**WORK TO COMPLETE**
Set down the data below in full, exactly as it reads, but without the pictures.
::: RAW DATA :::
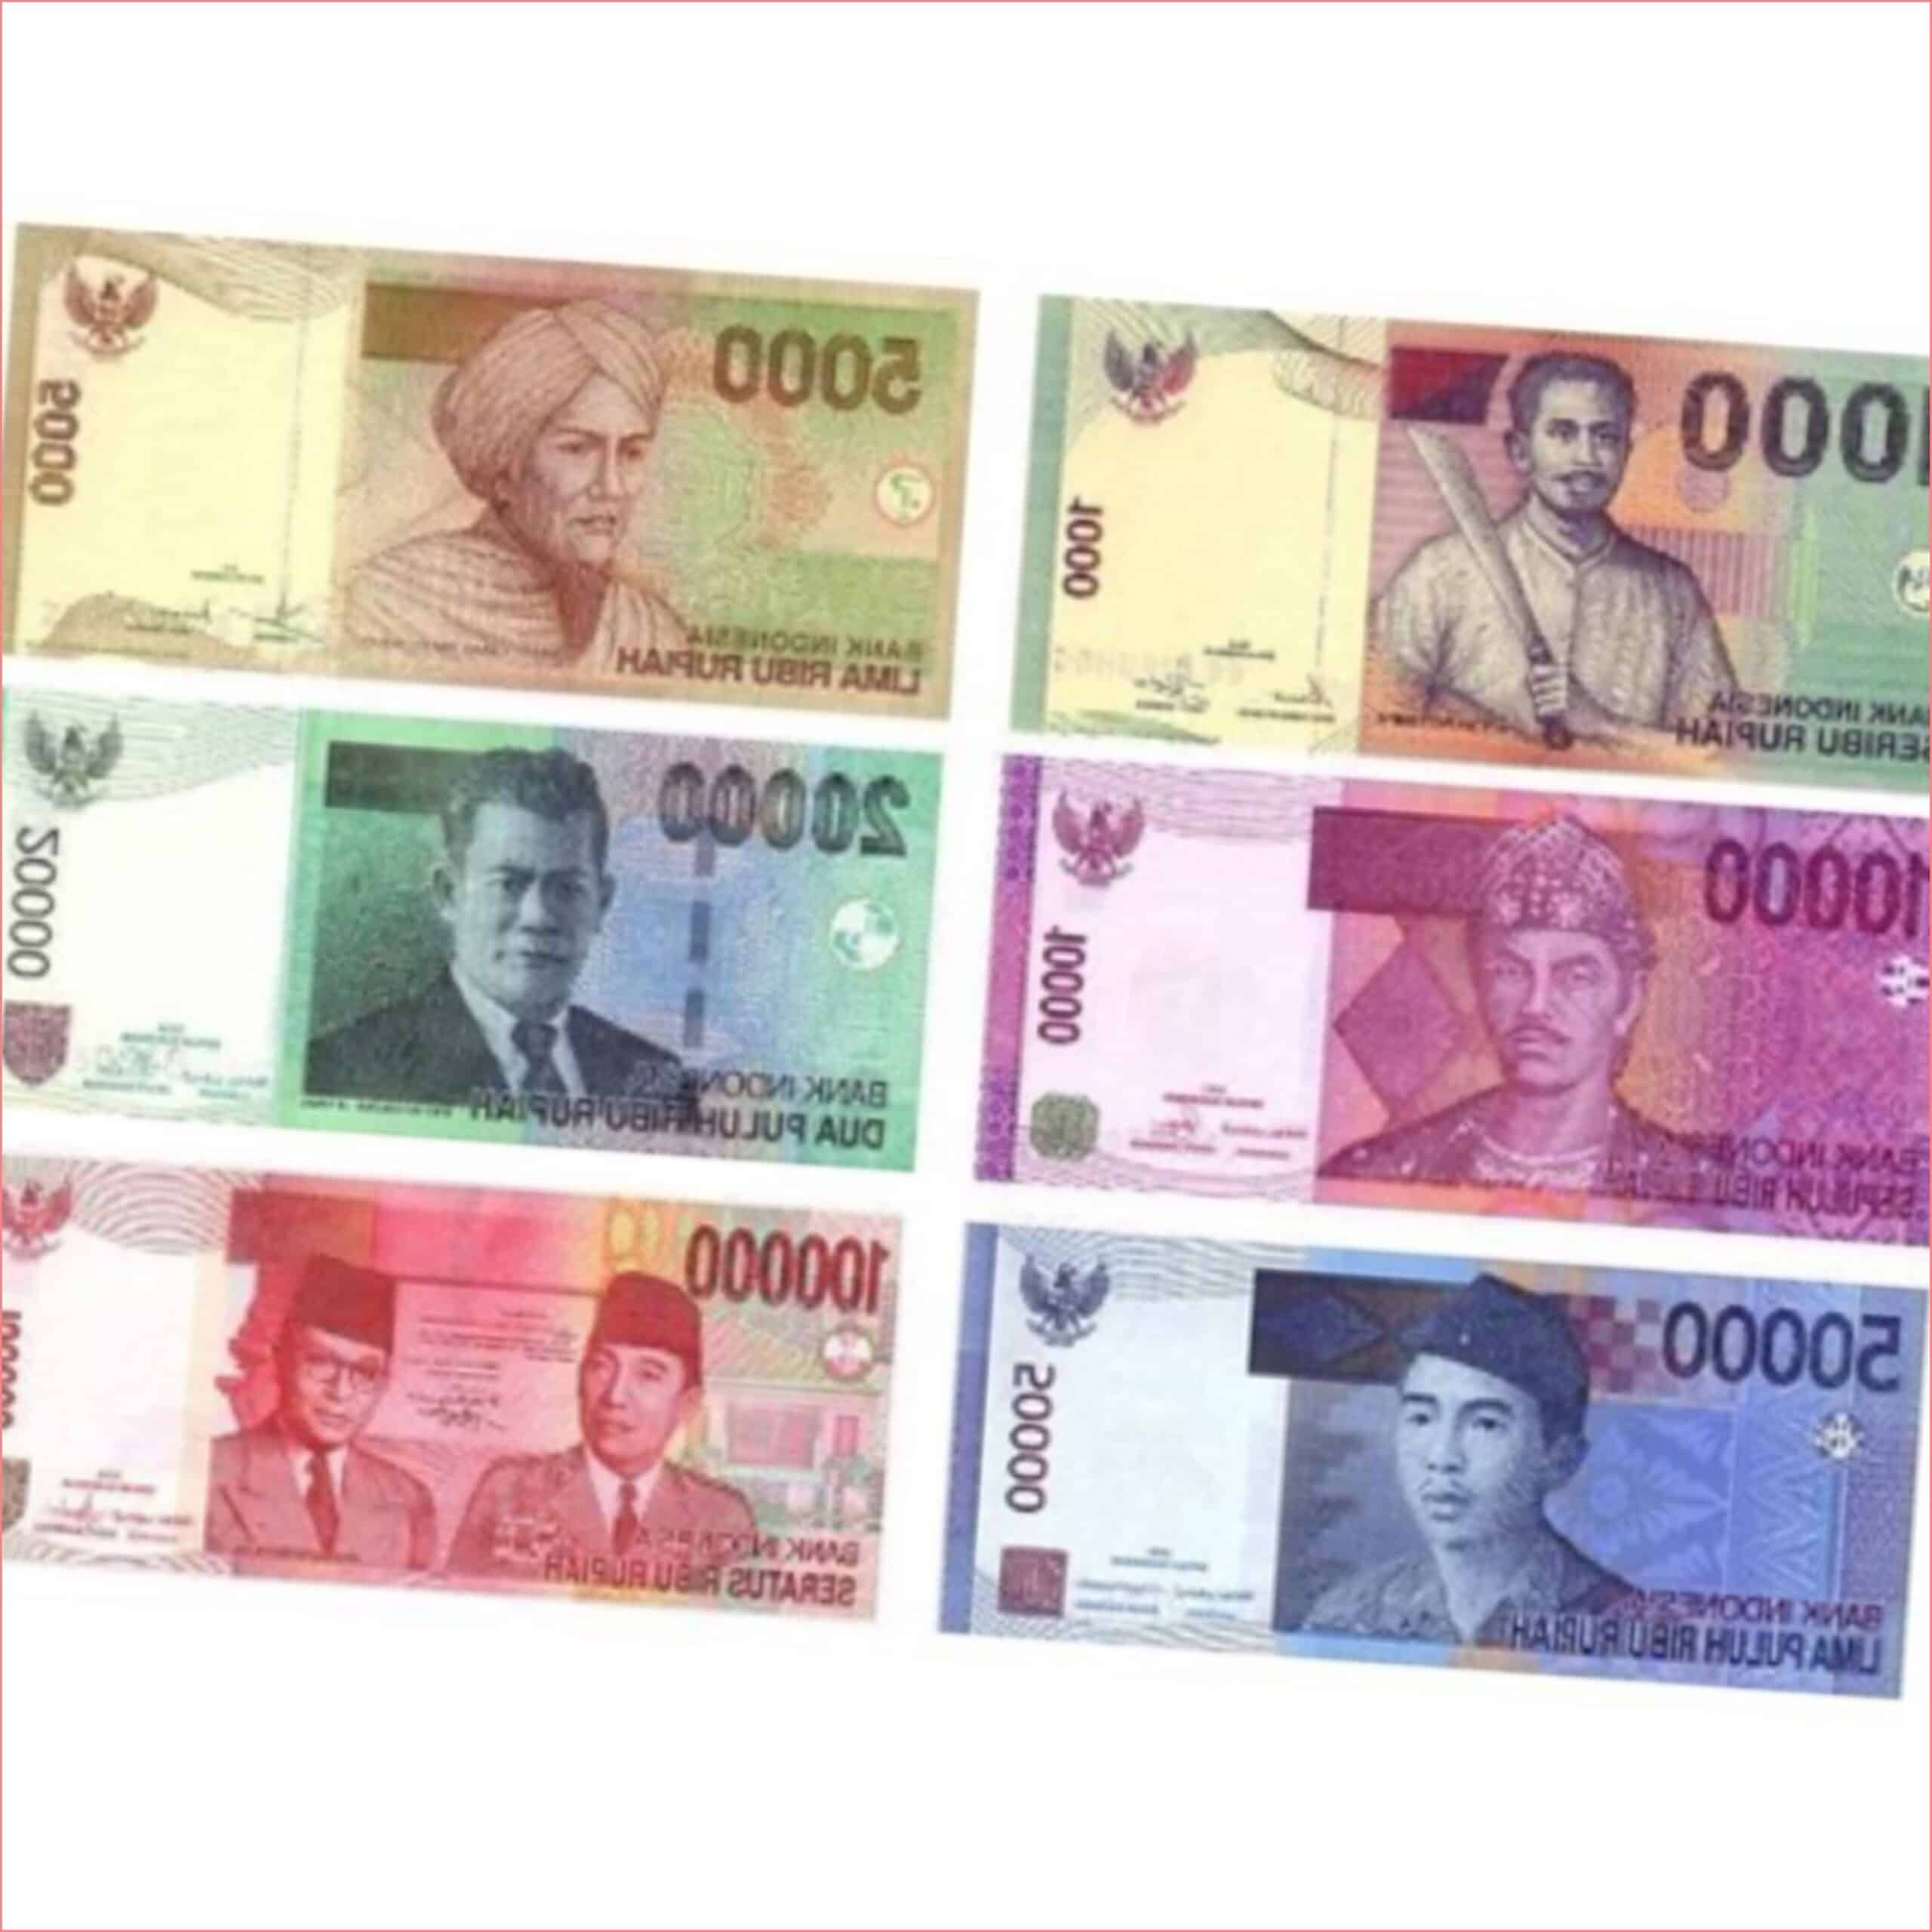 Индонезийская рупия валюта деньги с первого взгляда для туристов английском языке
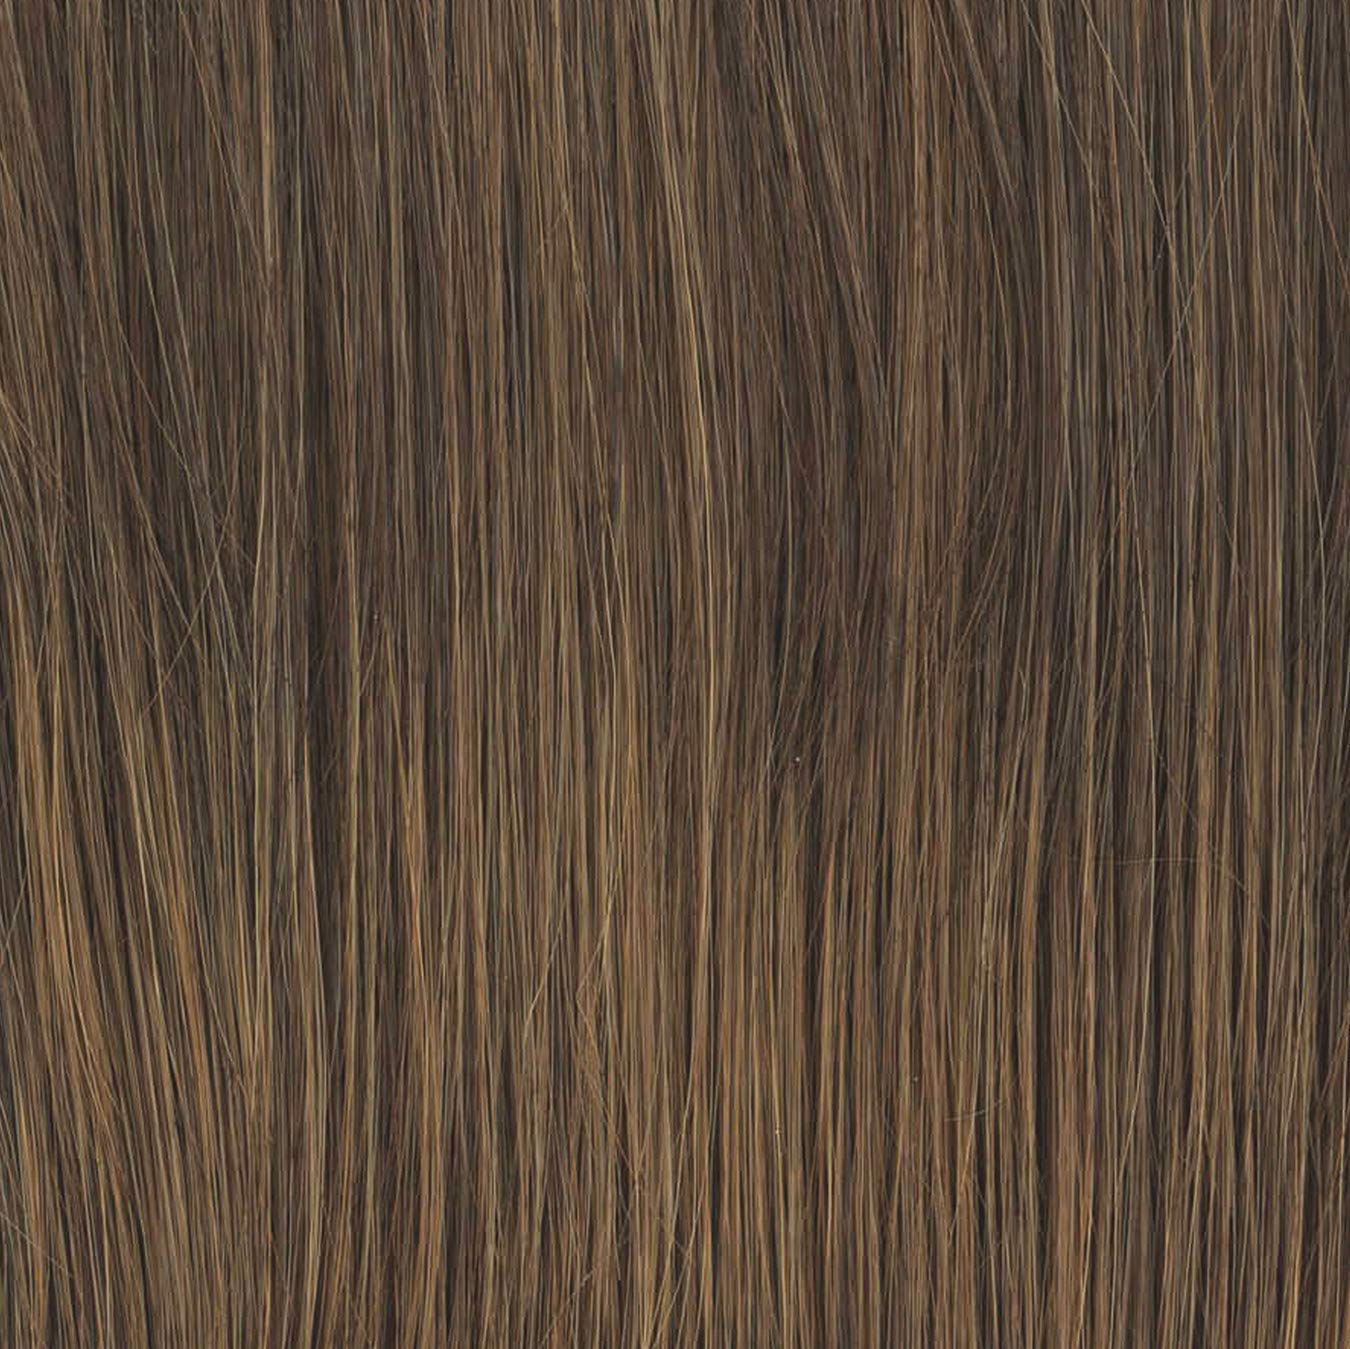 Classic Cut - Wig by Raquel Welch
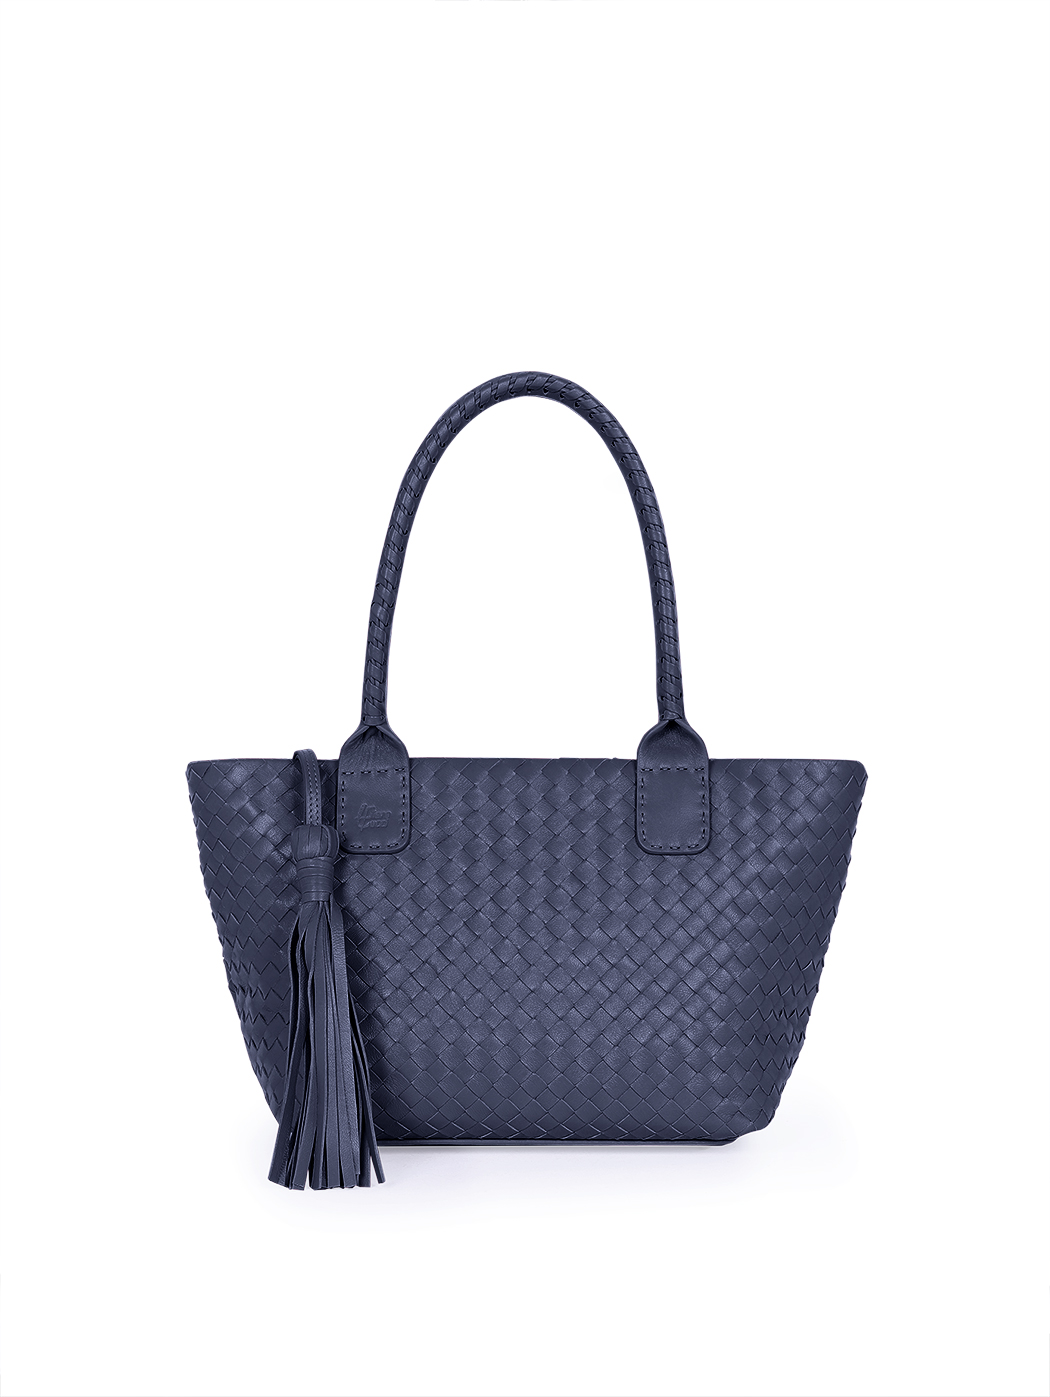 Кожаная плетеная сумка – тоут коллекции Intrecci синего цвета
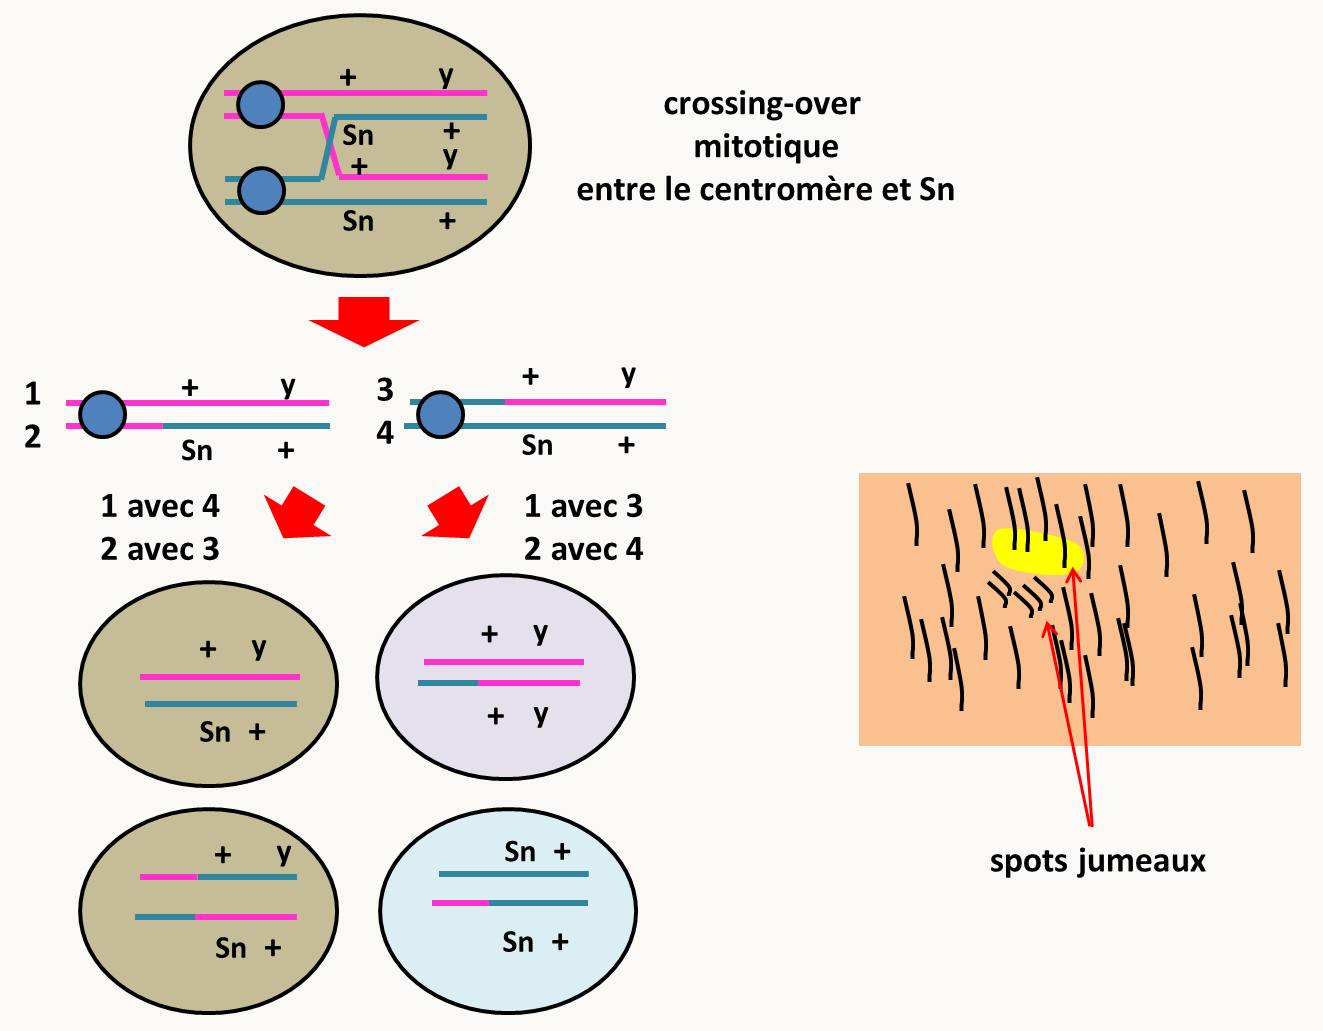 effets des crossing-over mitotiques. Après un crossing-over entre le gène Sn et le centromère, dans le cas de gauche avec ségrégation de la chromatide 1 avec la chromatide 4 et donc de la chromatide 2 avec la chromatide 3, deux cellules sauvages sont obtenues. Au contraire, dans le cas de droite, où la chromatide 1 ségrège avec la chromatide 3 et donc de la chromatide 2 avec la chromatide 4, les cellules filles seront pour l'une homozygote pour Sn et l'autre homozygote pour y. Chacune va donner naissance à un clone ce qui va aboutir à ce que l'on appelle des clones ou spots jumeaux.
:::
**RESPONSE BOX**
 Индонезийская рупия валюта деньги с первого взгляда для туристов английском языке
 Classic Cut - Wig by Raquel Welch
 Кожаная плетеная сумка – тоут коллекции Intrecci синего цвета
 effets des crossing-over mitotiques. Après un crossing-over entre le gène Sn et le centromère, dans le cas de gauche avec ségrégation de la chromatide 1 avec la chromatide 4 et donc de la chromatide 2 avec la chromatide 3, deux cellules sauvages sont obtenues. Au contraire, dans le cas de droite, où la chromatide 1 ségrège avec la chromatide 3 et donc de la chromatide 2 avec la chromatide 4, les cellules filles seront pour l'une homozygote pour Sn et l'autre homozygote pour y. Chacune va donner naissance à un clone ce qui va aboutir à ce que l'on appelle des clones ou spots jumeaux.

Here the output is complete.